Data shown -

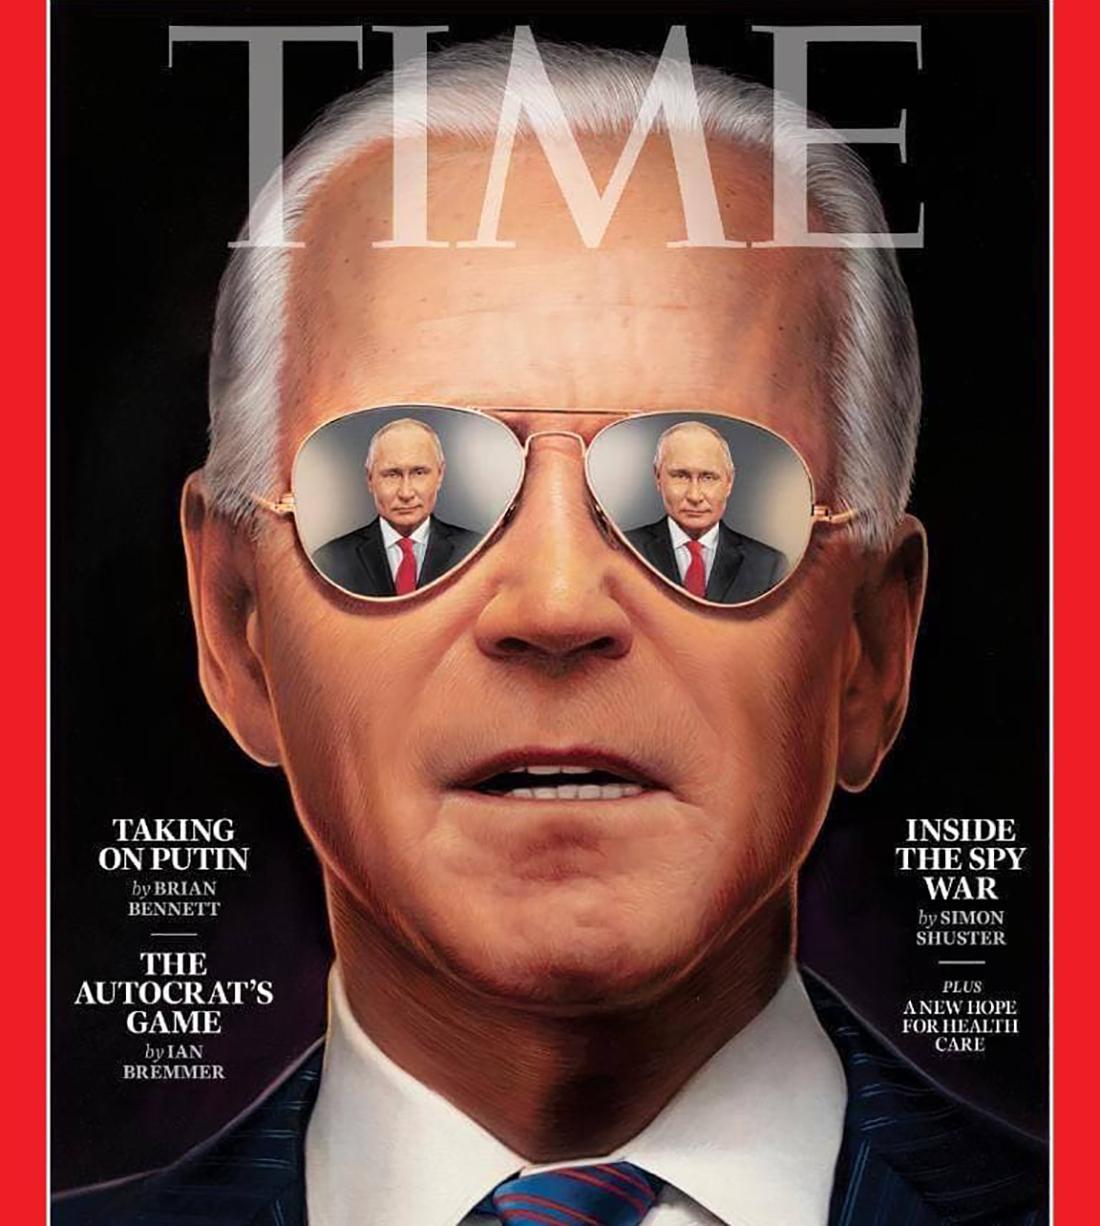 Байден и отражение Путина появились на обложке Time: в США прогнозируют непростой разговор 1
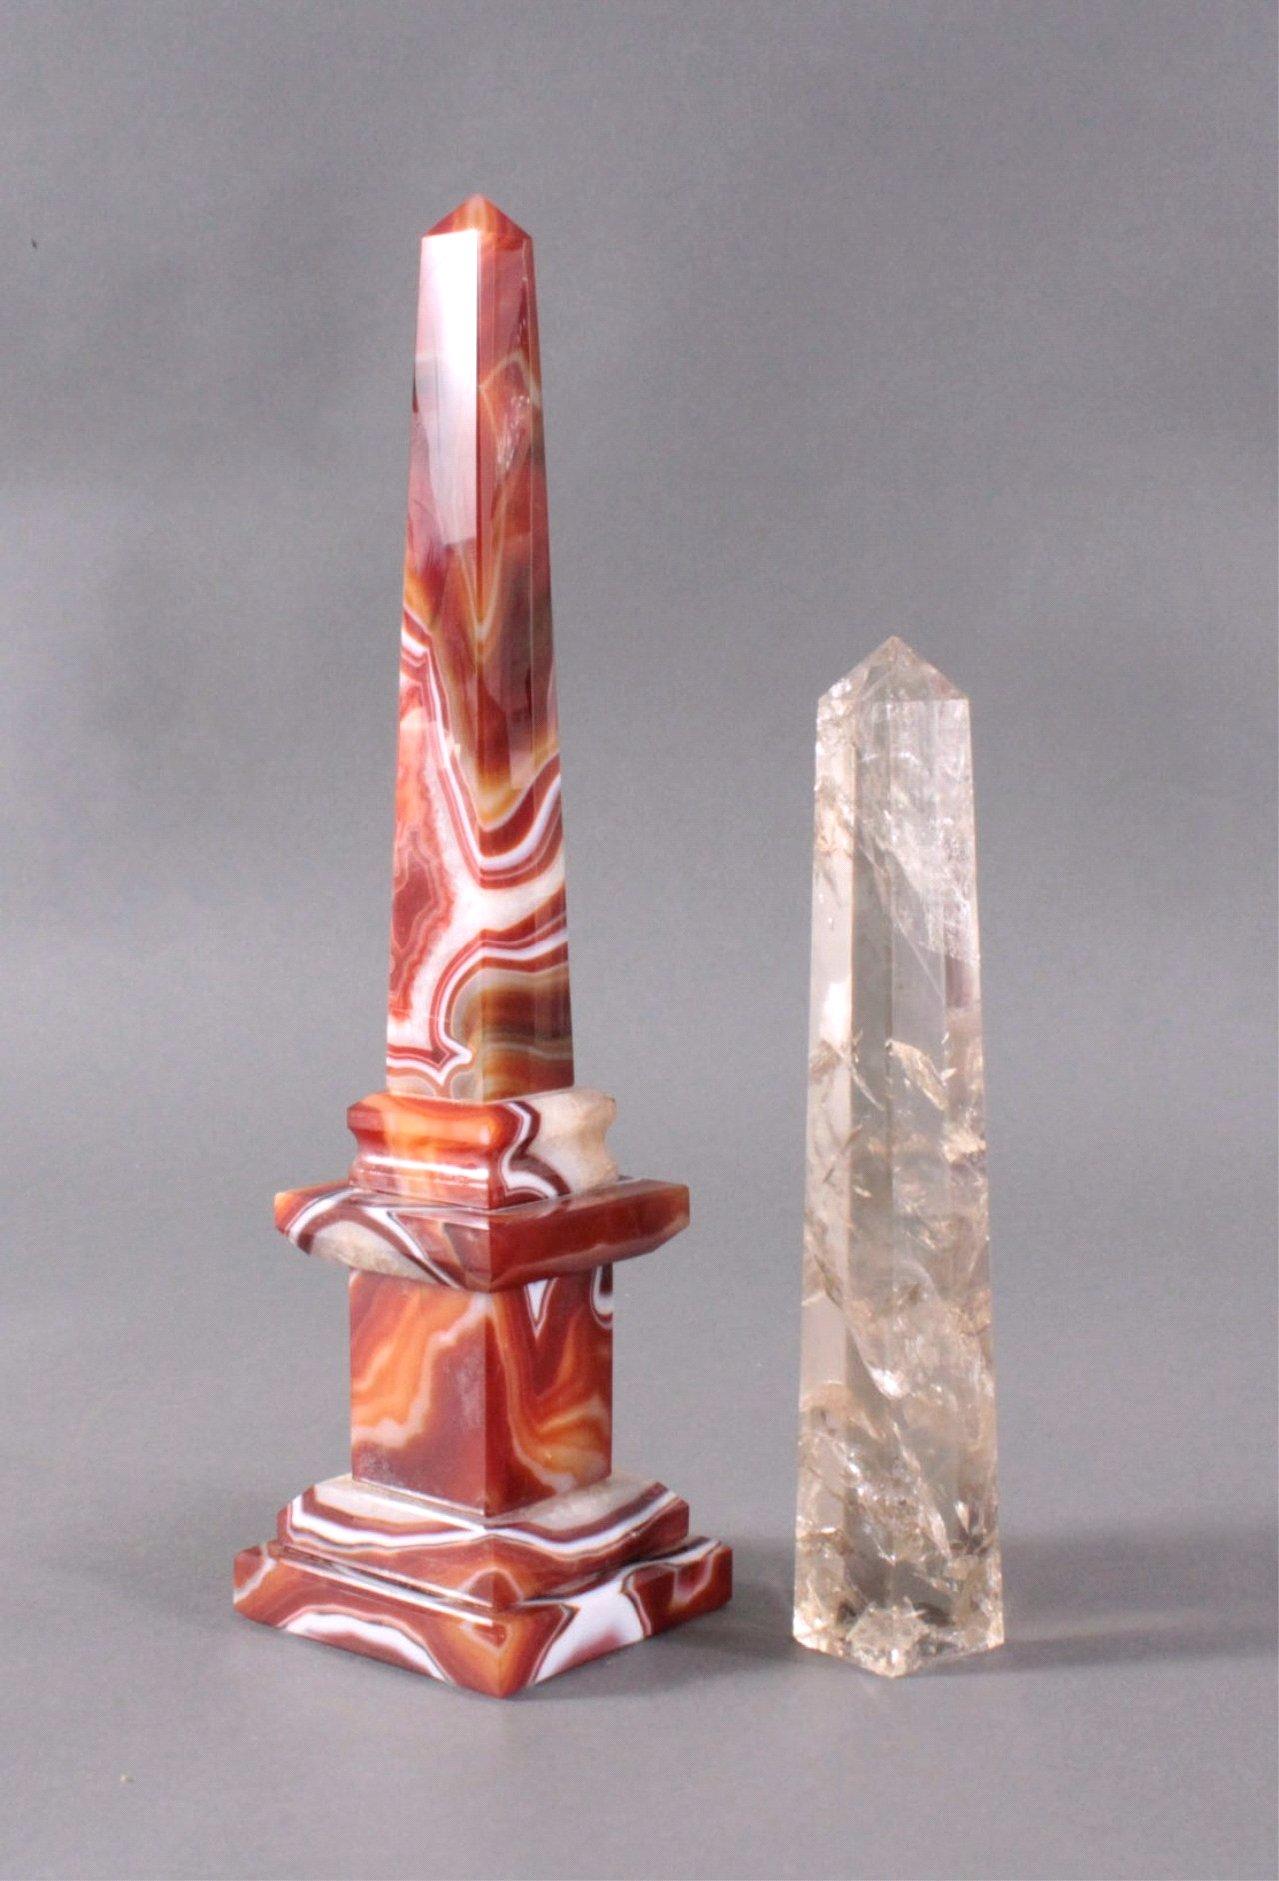 Achat und Rauchquarz Obelisken
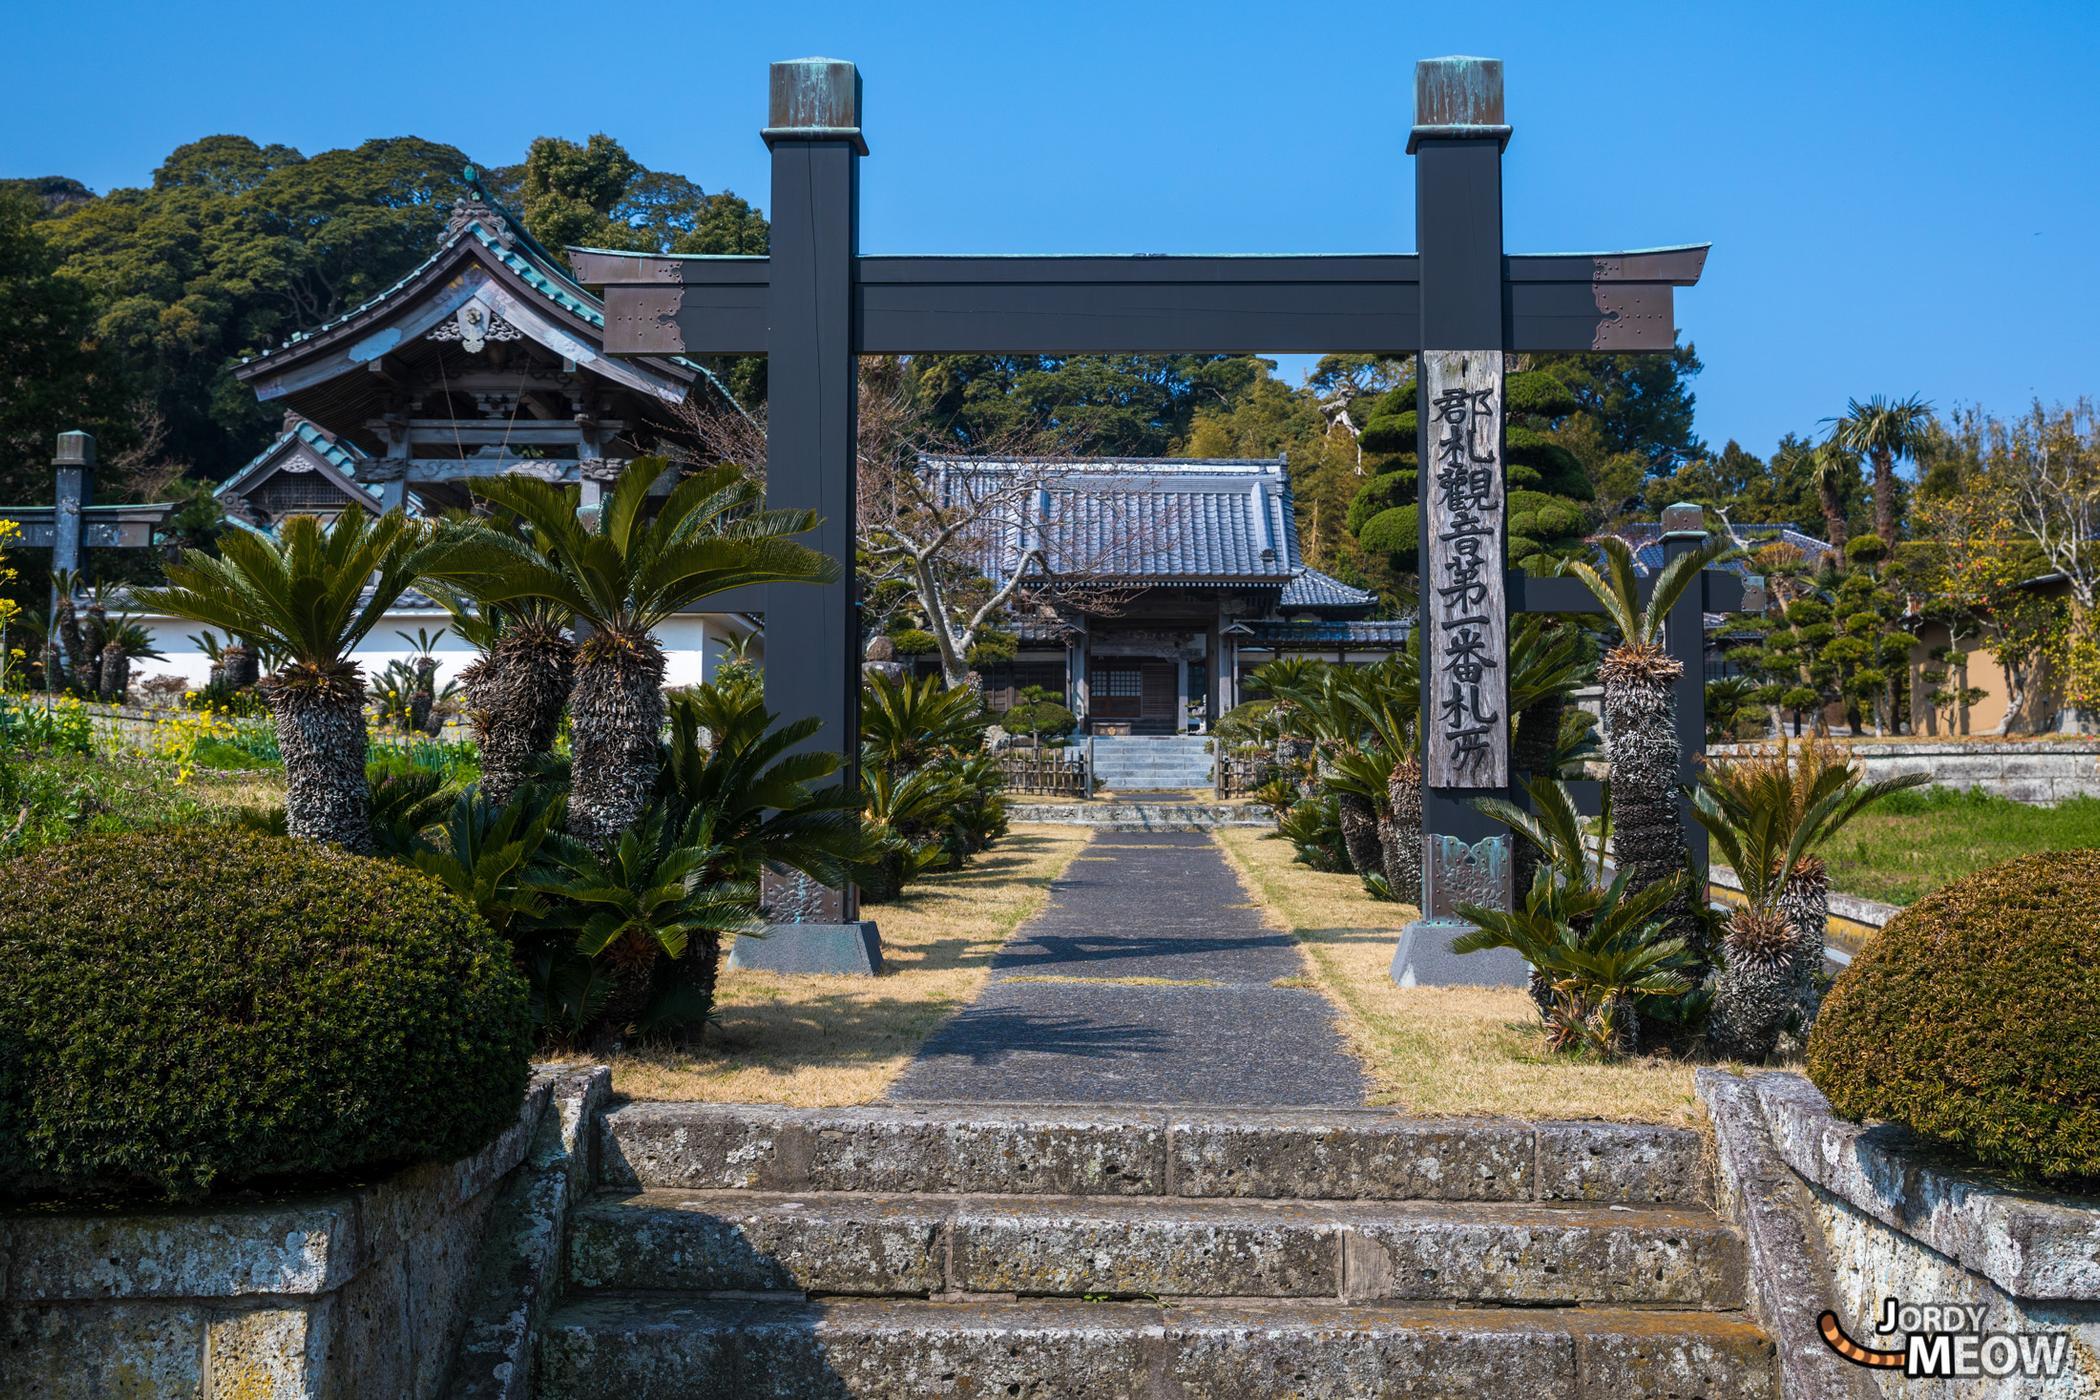 chiba, japan, japanese, kanto, religion, religious, shinto, shrine, spiritual, thing, tori

Required action - Reproduce the material above in full, images excluded.

Response box -
 Байден и отражение Путина появились на обложке Time: в США прогнозируют непростой разговор 1
 Achat und Rauchquarz Obelisken
 chiba, japan, japanese, kanto, religion, religious, shinto, shrine, spiritual, thing, tori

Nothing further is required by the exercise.